▶ _REQUIRED WORK_: Could you transcribe exactly the lines below, from the line with "Toshiba kV-9168A instruction" through the line with "USオリジナル盤 Dr. John", and nothing else, leaving out the pictures?

▶ _EXTRACTED INFORMATION_:
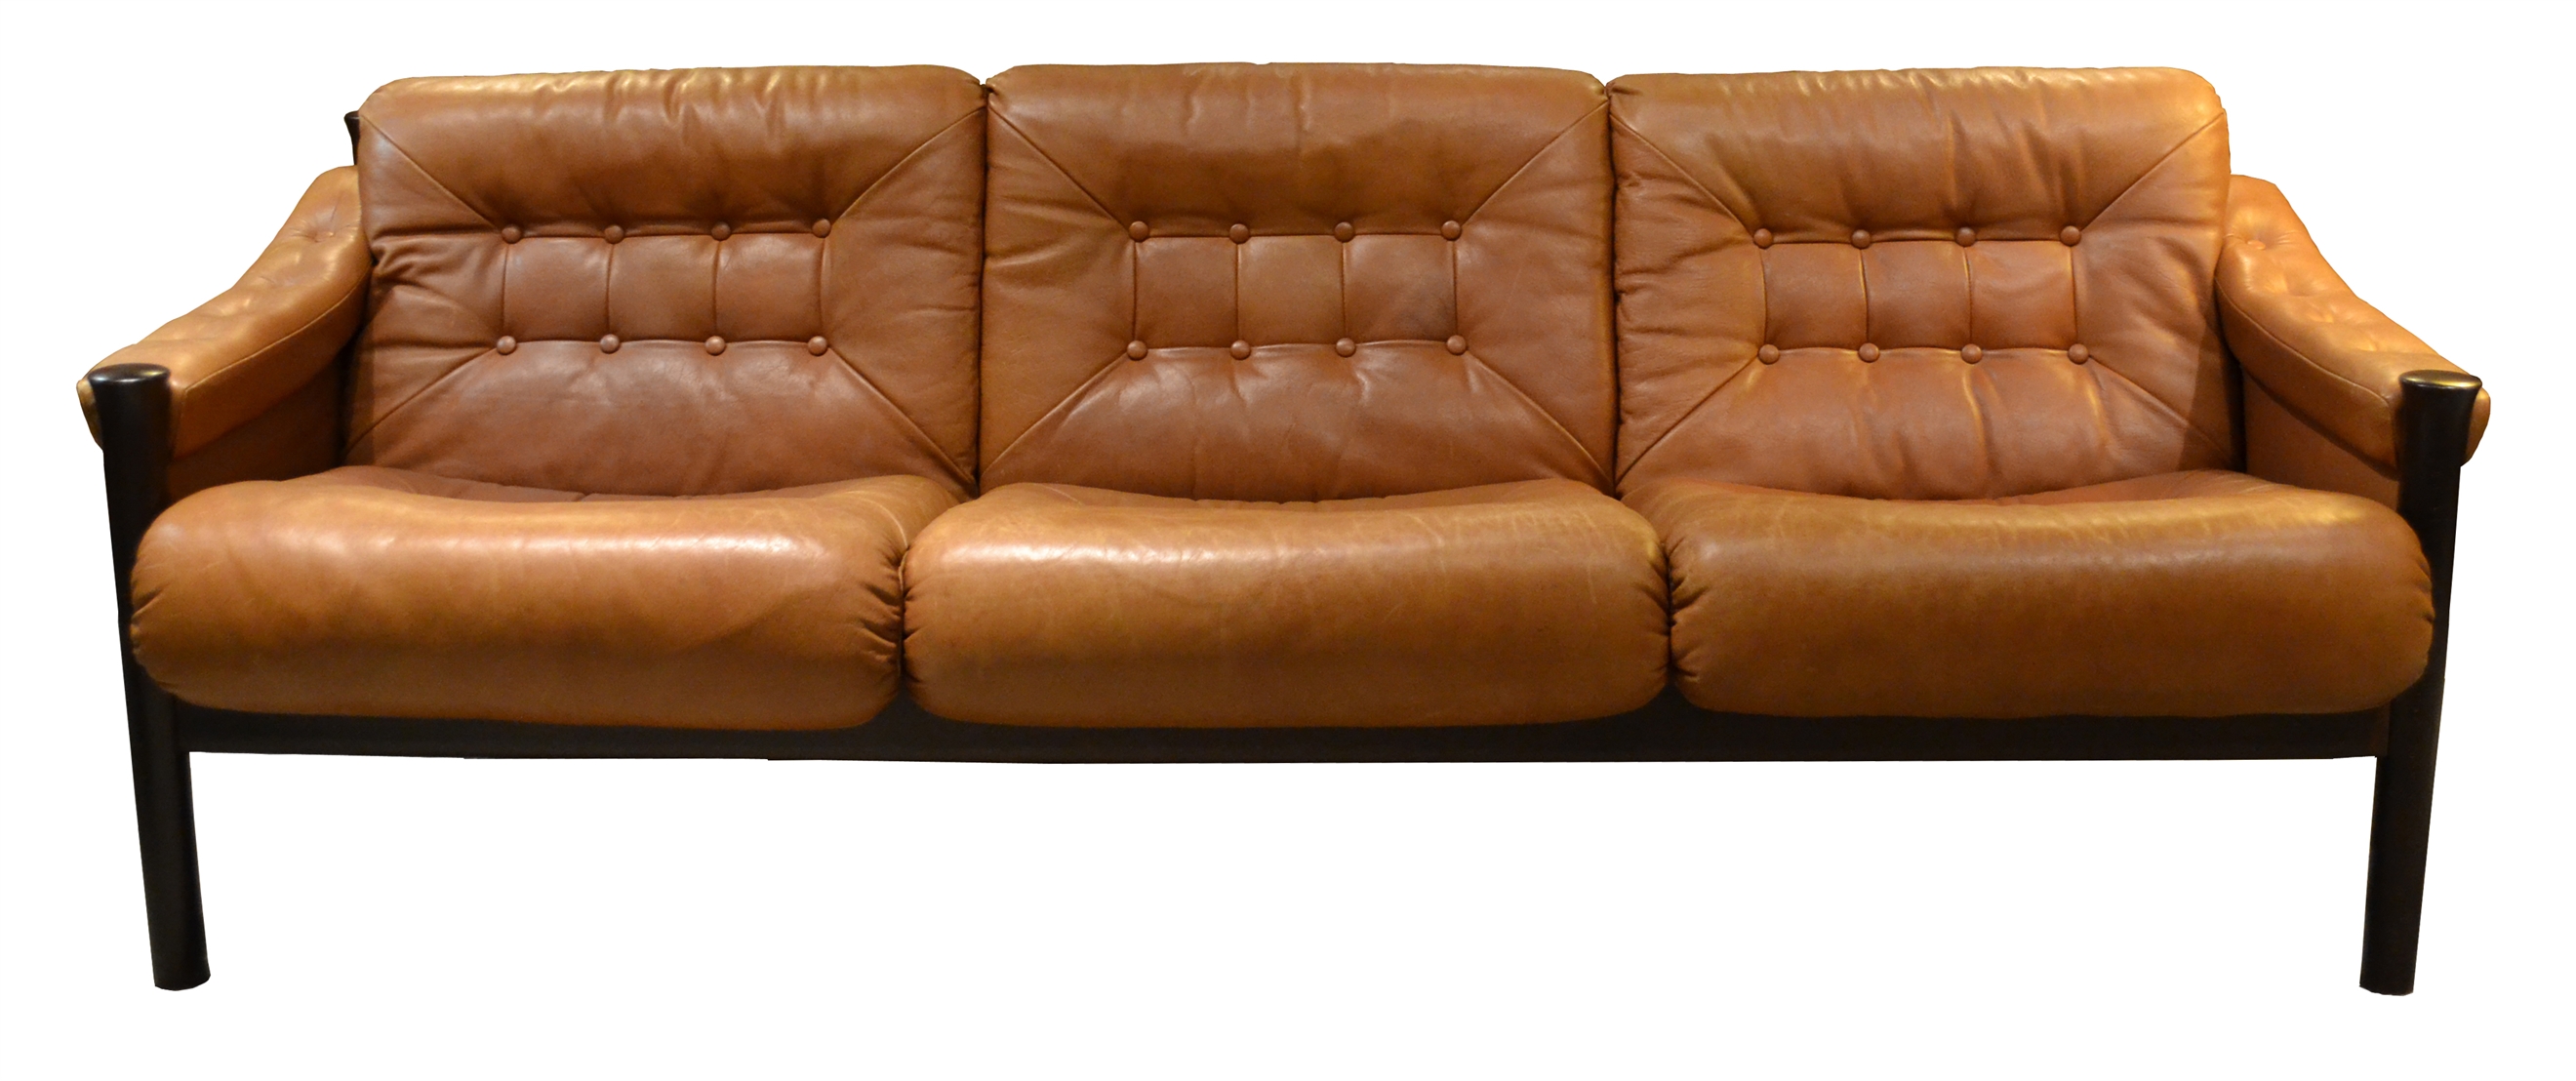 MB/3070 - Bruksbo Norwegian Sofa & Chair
==
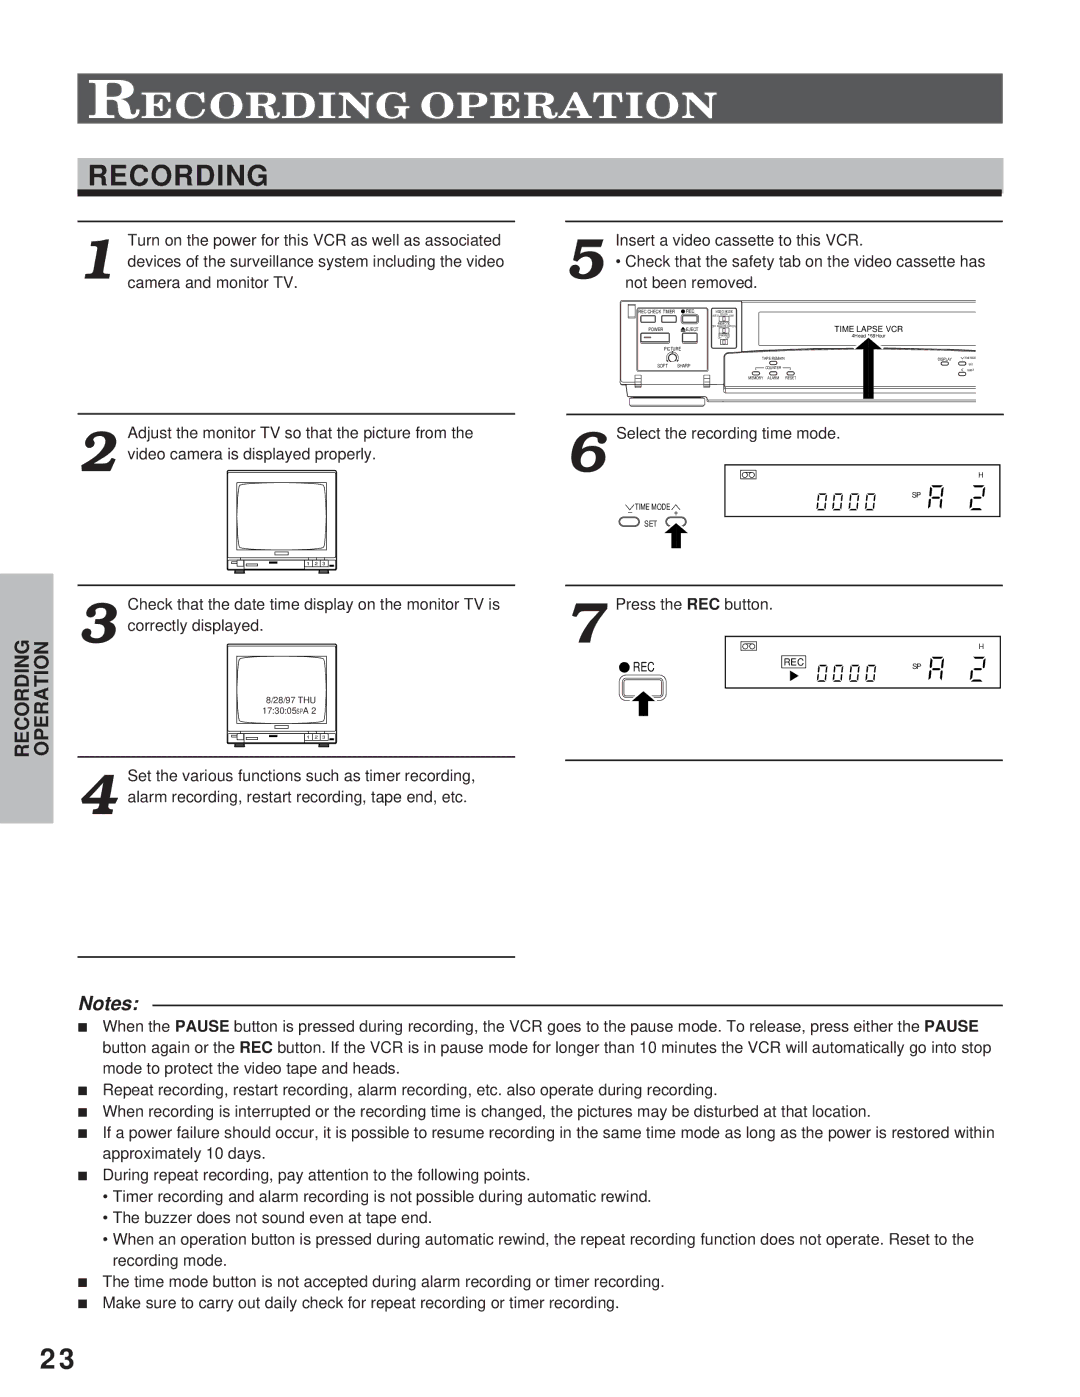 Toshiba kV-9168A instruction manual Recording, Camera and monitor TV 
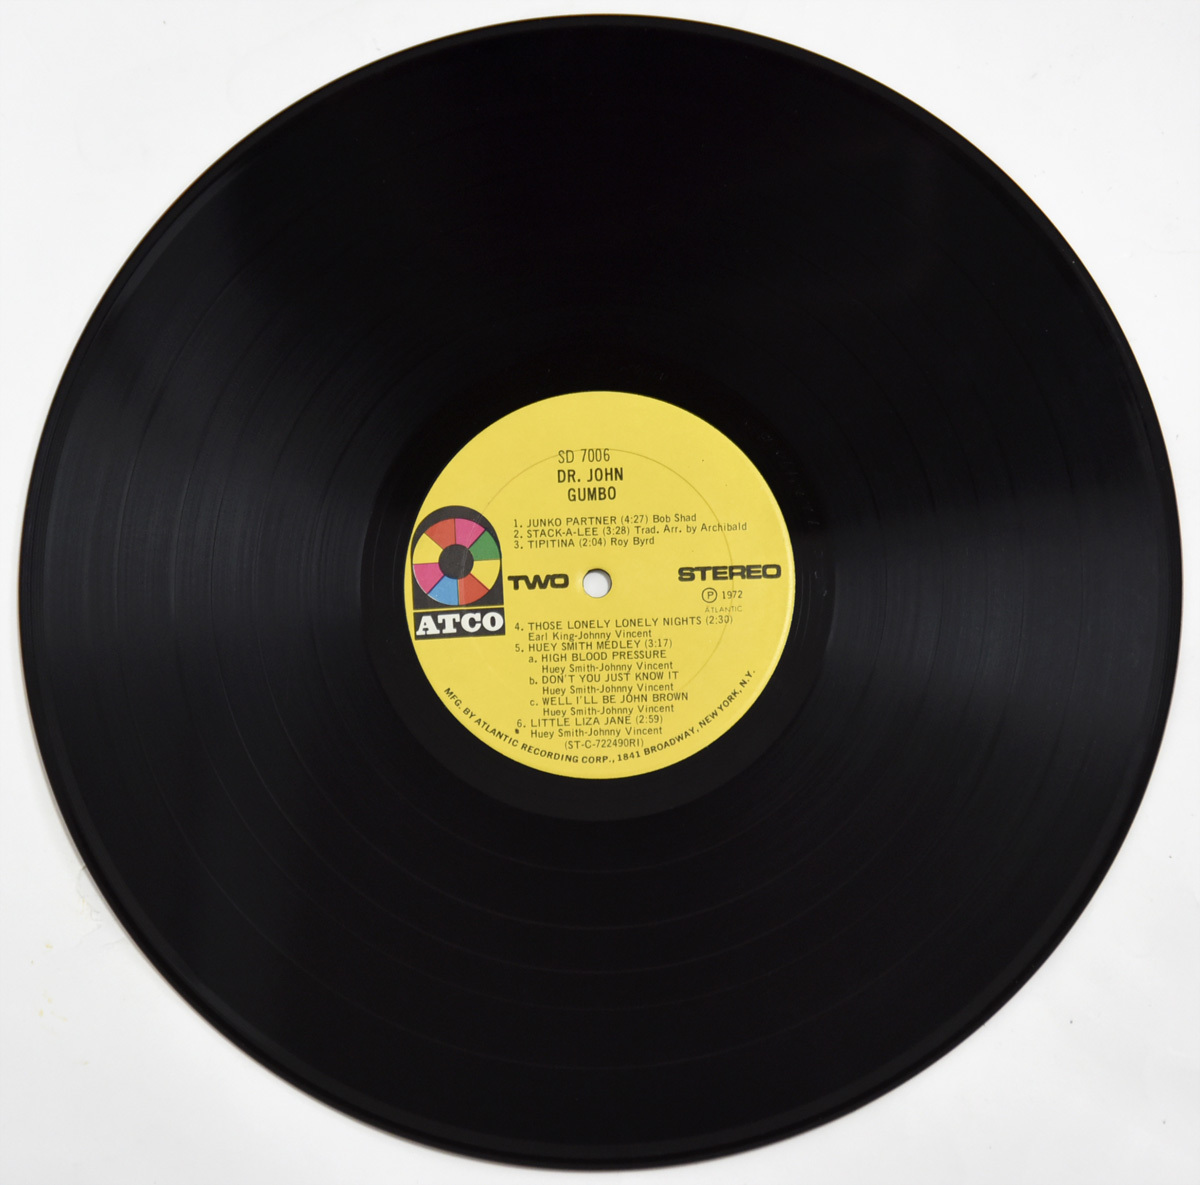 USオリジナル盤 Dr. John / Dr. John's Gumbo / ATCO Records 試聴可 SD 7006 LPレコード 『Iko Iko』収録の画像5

▶ _TASK ANSWER_:
 Toshiba kV-9168A instruction manual Recording, Camera and monitor TV 
 USオリジナル盤 Dr. John / Dr. John's Gumbo / ATCO Records 試聴可 SD 7006 LPレコード 『Iko Iko』収録の画像5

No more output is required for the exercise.